Although FDCs have been suggested as a possible HIV reservoir because of their ability to retain virus in a replication-competent form for many months in a murine model (52), direct testing of FDCs isolated from infected human subjects has not been performed. Here we tested the hypothesis that FDCs are a reservoir of HIV in humans. We found that FDC-trapped virus was replication competent and possessed greater genetic diversity than that of virus found in most other cells and tissues tested, suggesting the accumulation of genetic variants over time. Consistent with the archival nature of virus reservoirs, HIV on FDCs had genotypes similar to those of viral variants detected from peripheral blood mononuclear cells (PBMCs) obtained at 21 and 22 months, but not 4 and 18 months, prior to the patient's death. Thus, we report here that FDCs do indeed fulfill the criteria of an HIV reservoir in humans and have the ability to contribute to persisting disease. A greater understanding of the nature of the FDC reservoir should provide the foundation needed to devise more successful strategies to target this important source of infectious HIV.
Lymph nodes (LN) and spleen sections were obtained at autopsy from three HIV-infected subjects (JHU559, -614, and -621) at Johns Hopkins Hospital, Baltimore, MD (Table (Table1).1). The LN (and in one instance, i.e., for subject JHU614, splenic fragments) from each patient were collected and used for the isolation and culture of specific cell types. In some instances (i.e., for subjects JHU559 and -614) mid-frontal gyrus, deep white matter, meninges, and bone marrow (for subject JHU614 only) were also obtained for direct viral DNA isolation. This research has complied with all relevant federal guidelines and institutional policies.

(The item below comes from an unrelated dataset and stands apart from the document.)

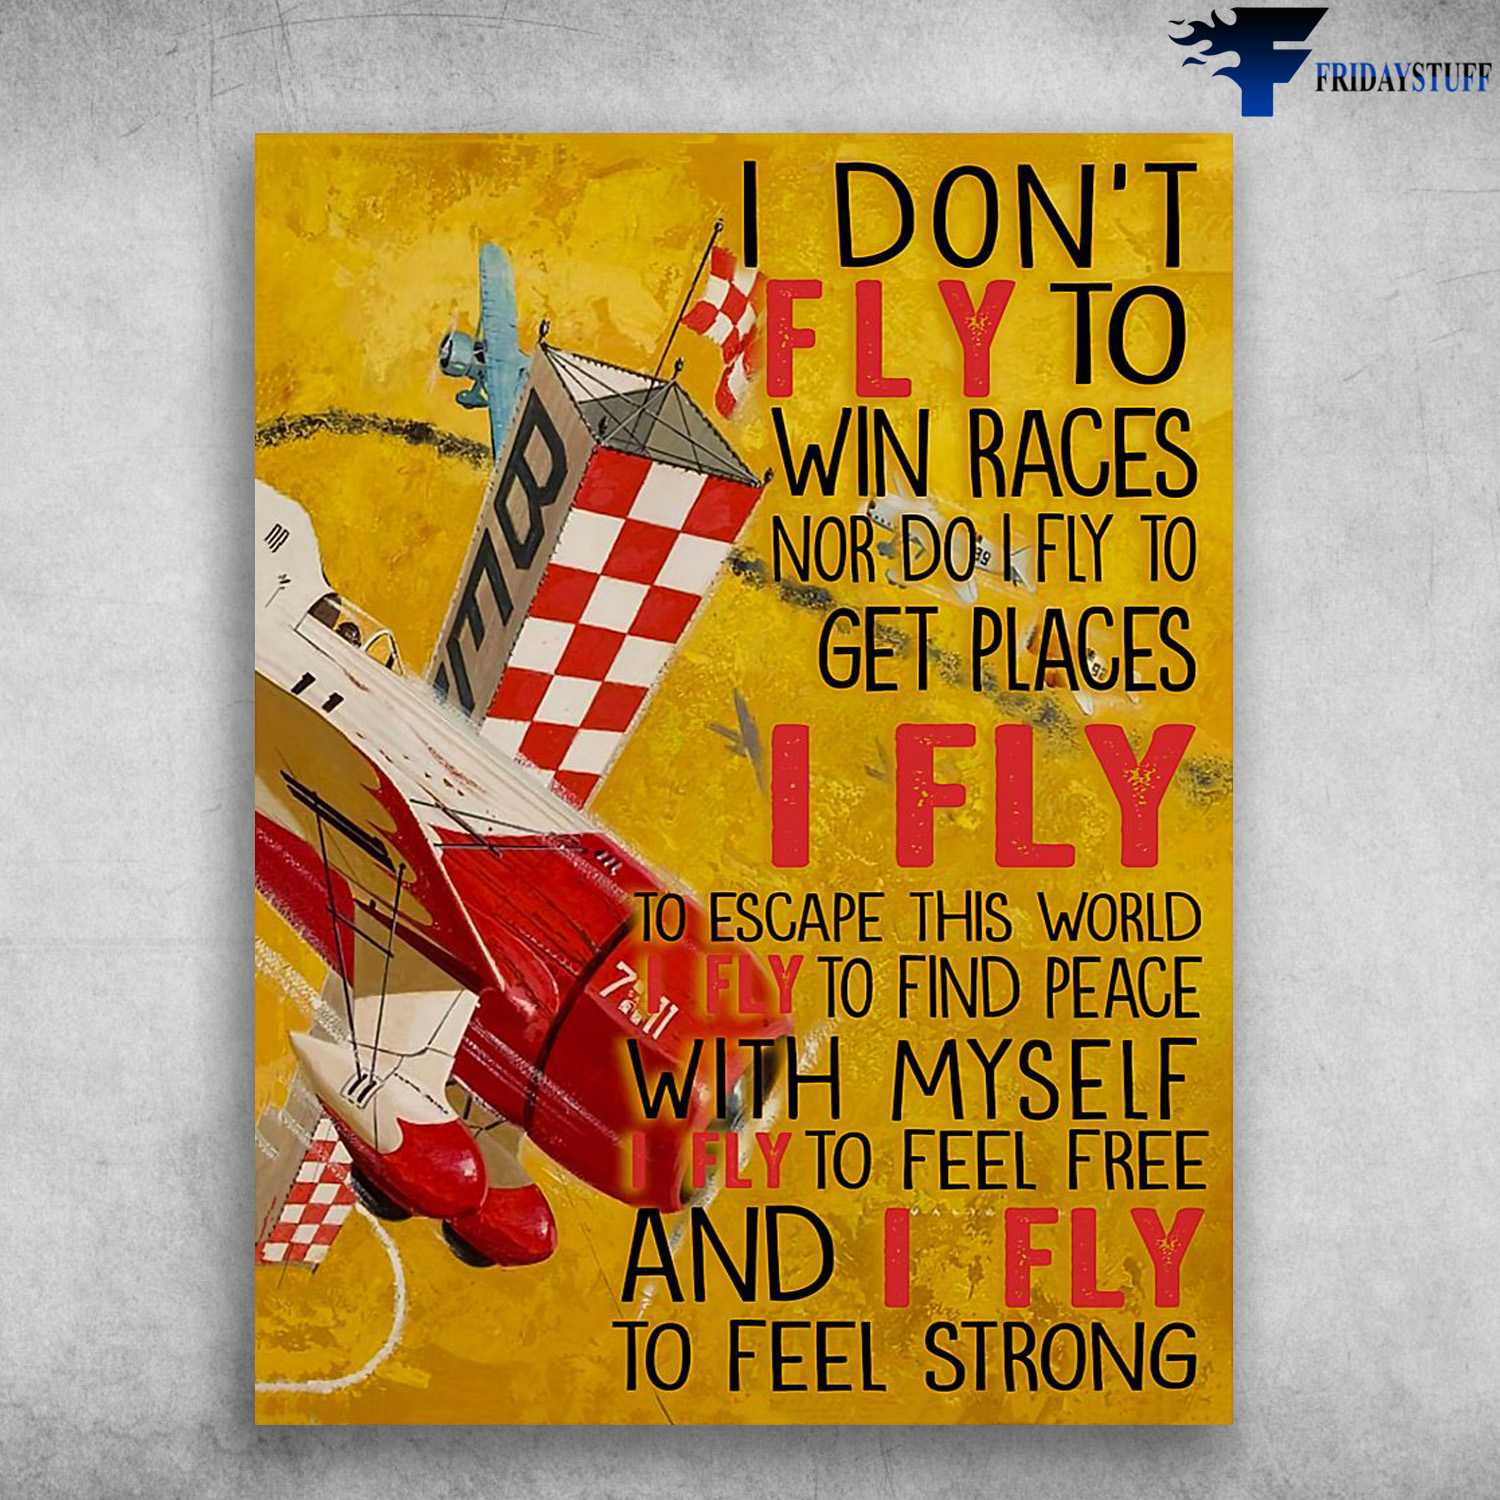 Pilot Poster, Pilot Lover - I Don't Fly To Win Races, Nor I Fly To Get Places, I Fly To Escape This World, I Fly To Find Peace, With Myself, I Fly To Feel Free, And I Fly To Feel Strong

FDC and CD4+ T-cell populations were isolated from LN or splenic fragments. Briefly, tissue was cut into small cubes (~2 mm3) and digested in RPMI 1640 (HyClone, Logan, UT) containing DNase I (150 IU; Sigma, St. Louis, MO), collagenase D (20 mg; Roche Applied Science, Indianapolis, IN), and gentamicin (50 μg/ml; Invitrogen, Carlsbad, CA). Tissues were then incubated at 37°C for 45 min, with periodic mixing. The freed cells were removed and transferred to medium supplemented with antibiotics and heat-inactivated fetal bovine serum (FBS) (33%, vol/vol) (HyClone, Logan, UT). The remaining undigested tissue sections were again incubated in fresh medium containing the above enzyme cocktail, and newly released cells were collected as before. After the second digestion, any remaining tissue was gently passed in and out of a sterile pipette to further disassociate any remaining cells. All collected cells were pooled, washed in fresh medium to remove enzymes, and resuspended in fresh medium.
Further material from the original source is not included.